▶ **Exercise directions**: For the records below, output word for word the lines from the one with "Illustration of Brachiosaurus dinosaur" up to and including the one with "Global shipping networks". No pictures.

▶ **Exercise inputs**:
Segment Open

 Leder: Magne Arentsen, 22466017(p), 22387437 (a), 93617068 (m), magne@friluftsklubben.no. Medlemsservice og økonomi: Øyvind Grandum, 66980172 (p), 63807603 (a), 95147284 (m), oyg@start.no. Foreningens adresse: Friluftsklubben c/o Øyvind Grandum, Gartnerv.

Segment Closed
Segment Open

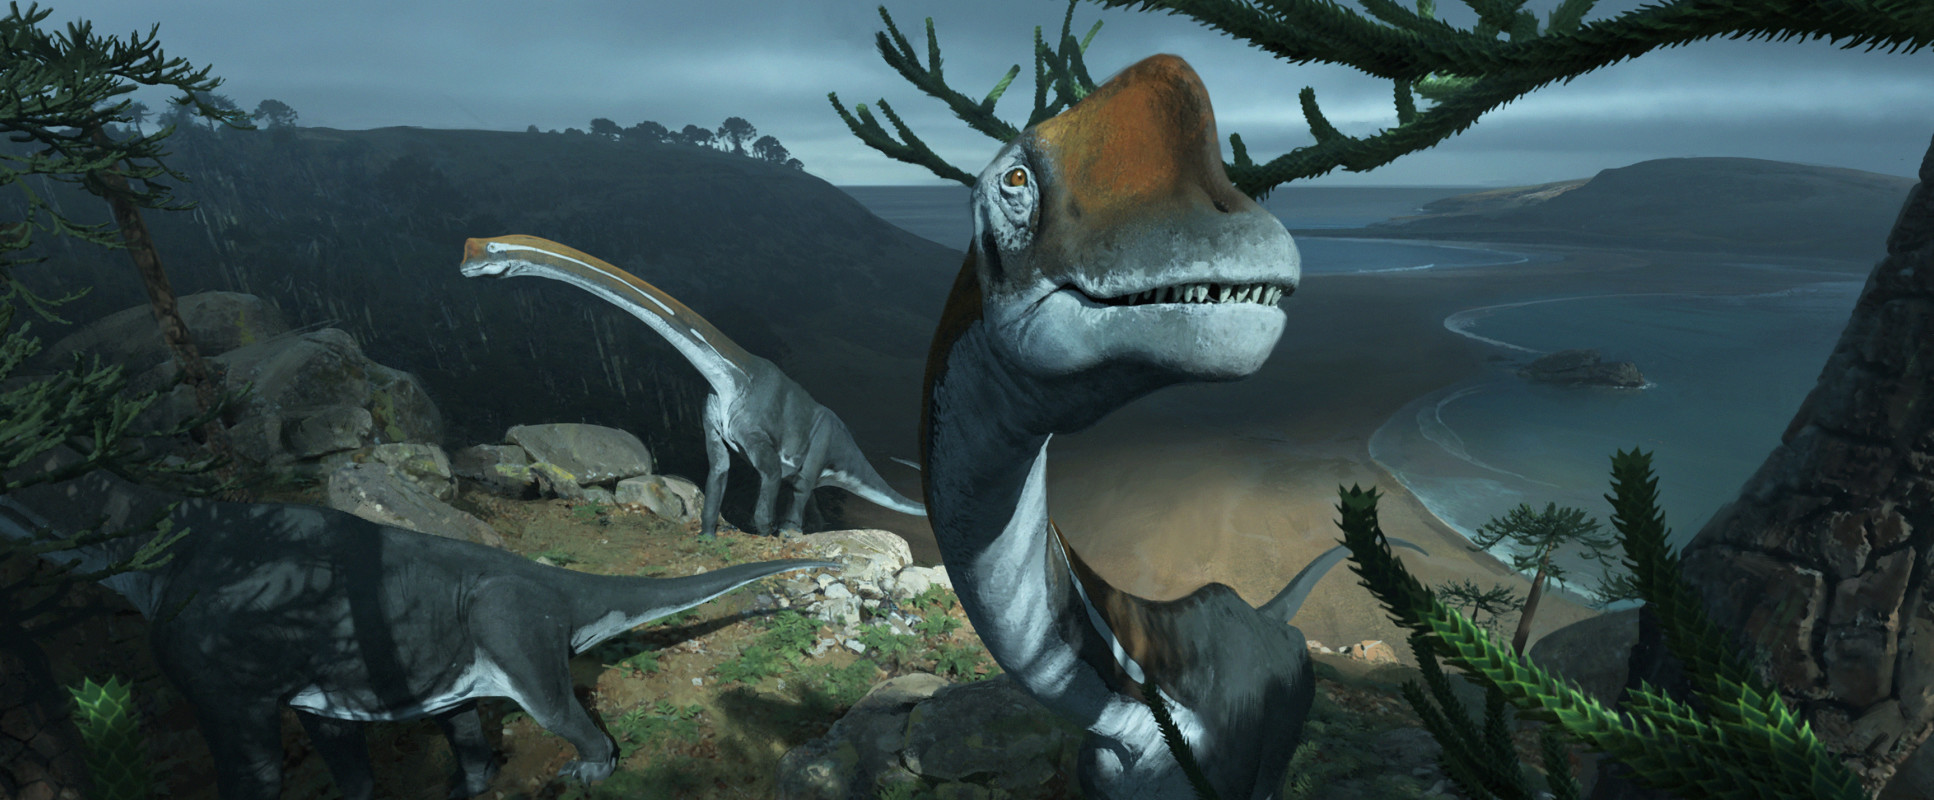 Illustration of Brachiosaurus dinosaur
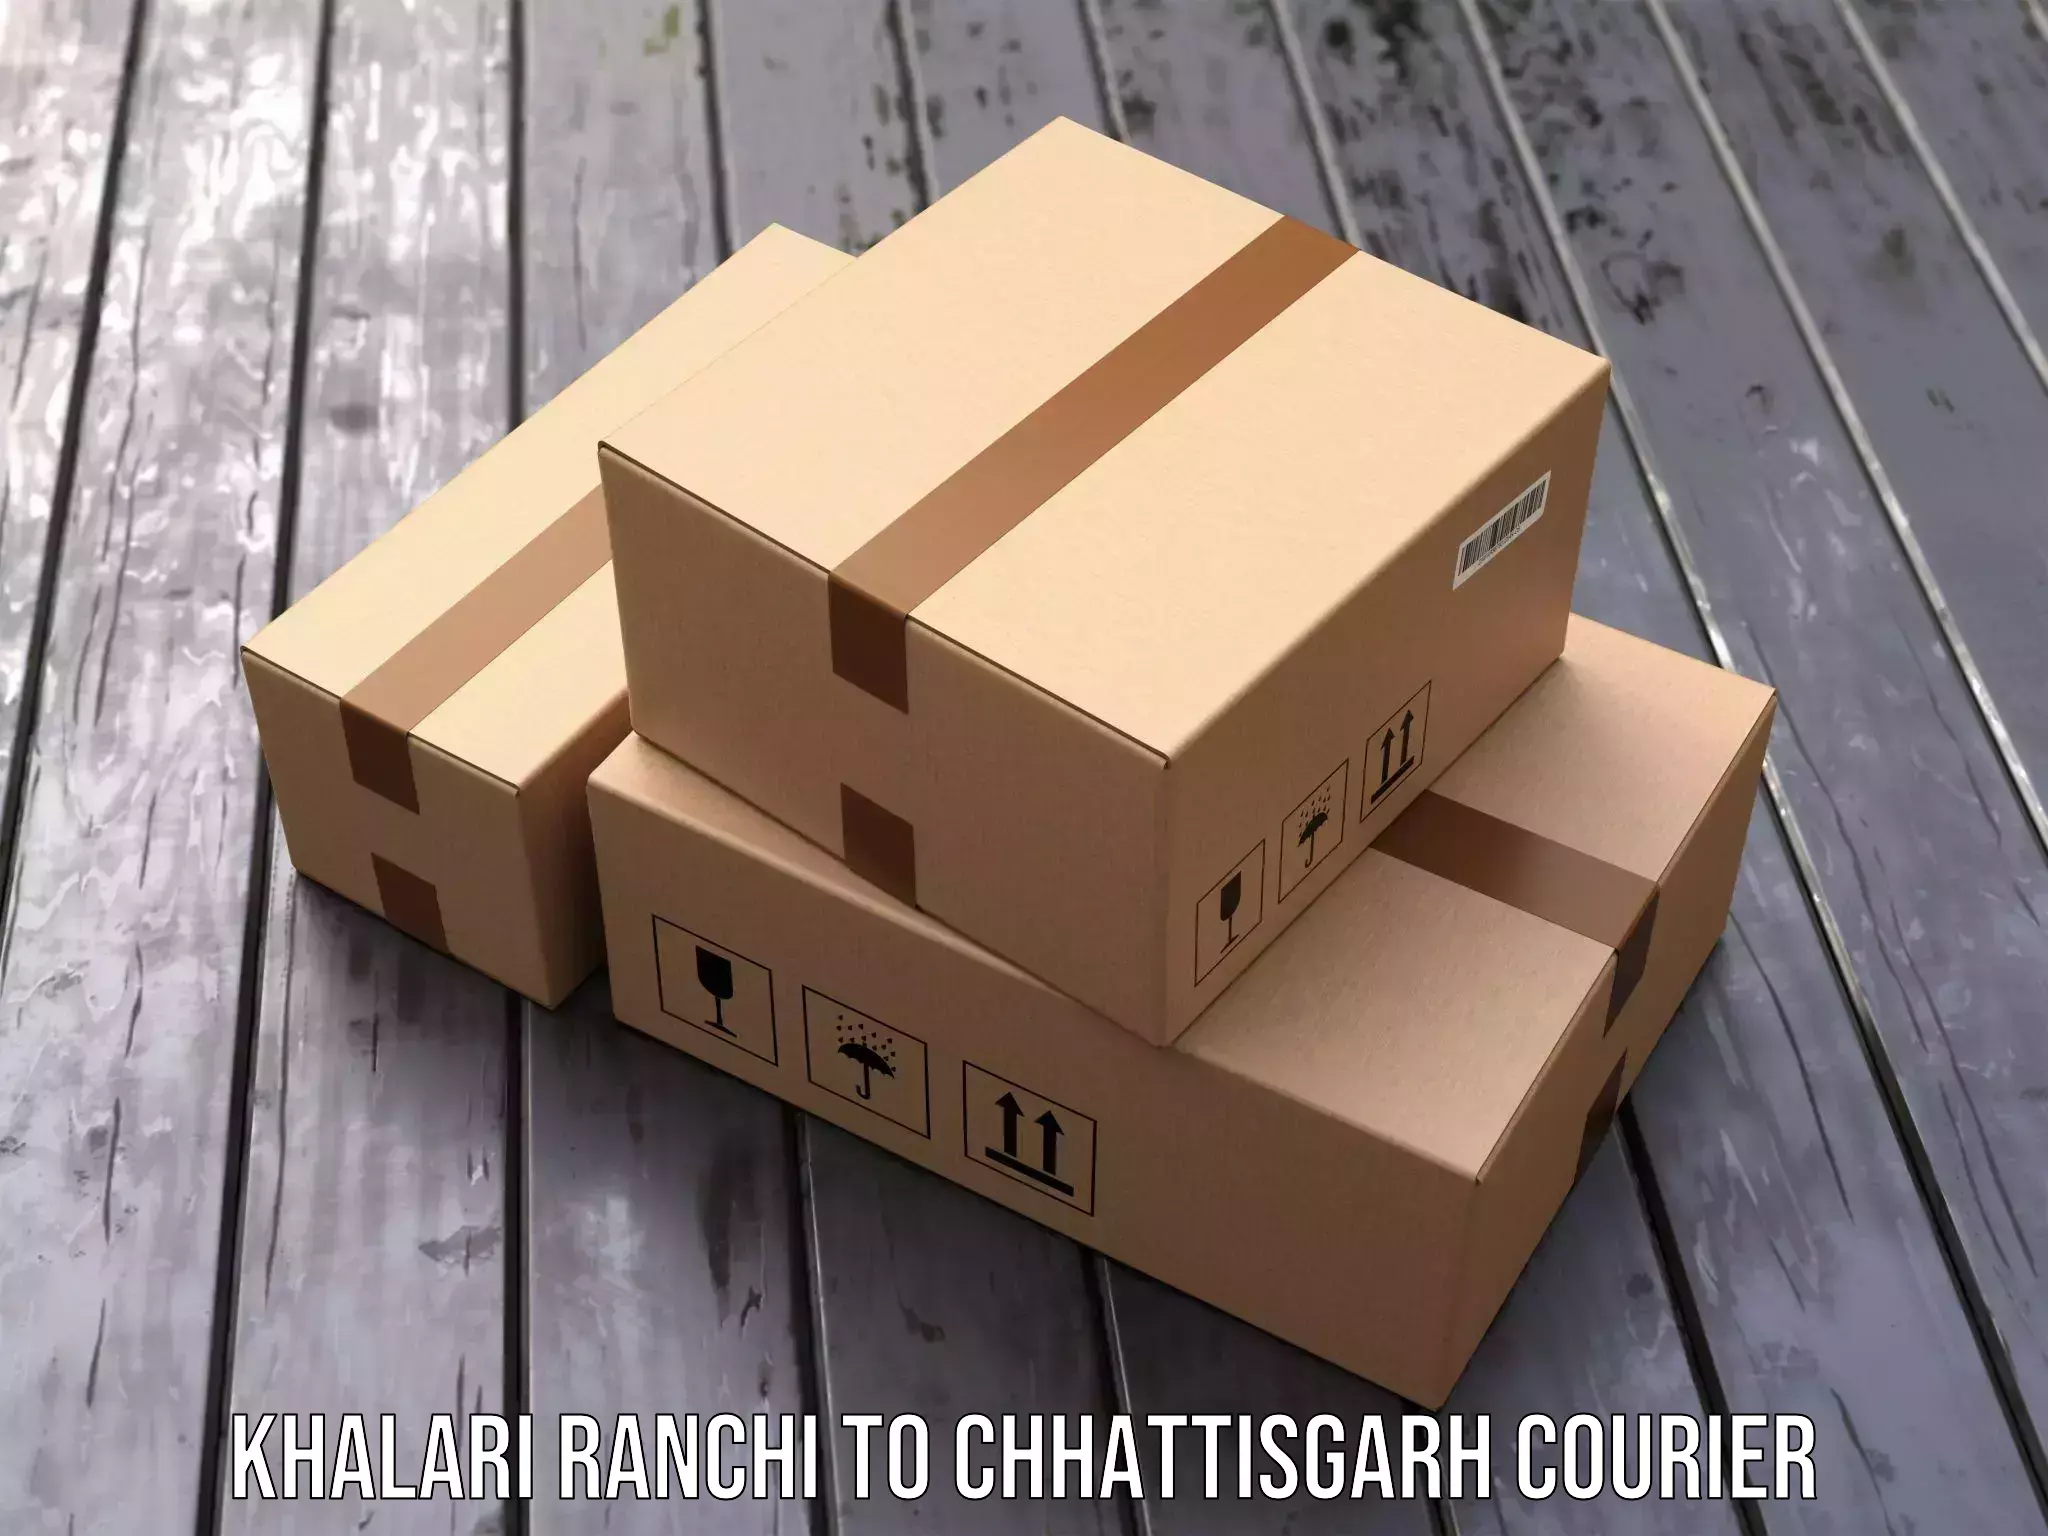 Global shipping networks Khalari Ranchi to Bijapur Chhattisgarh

Segment Closed

▶ **Answer section**:
 Illustration of Brachiosaurus dinosaur
 Global shipping networks Khalari Ranchi to Bijapur Chhattisgarh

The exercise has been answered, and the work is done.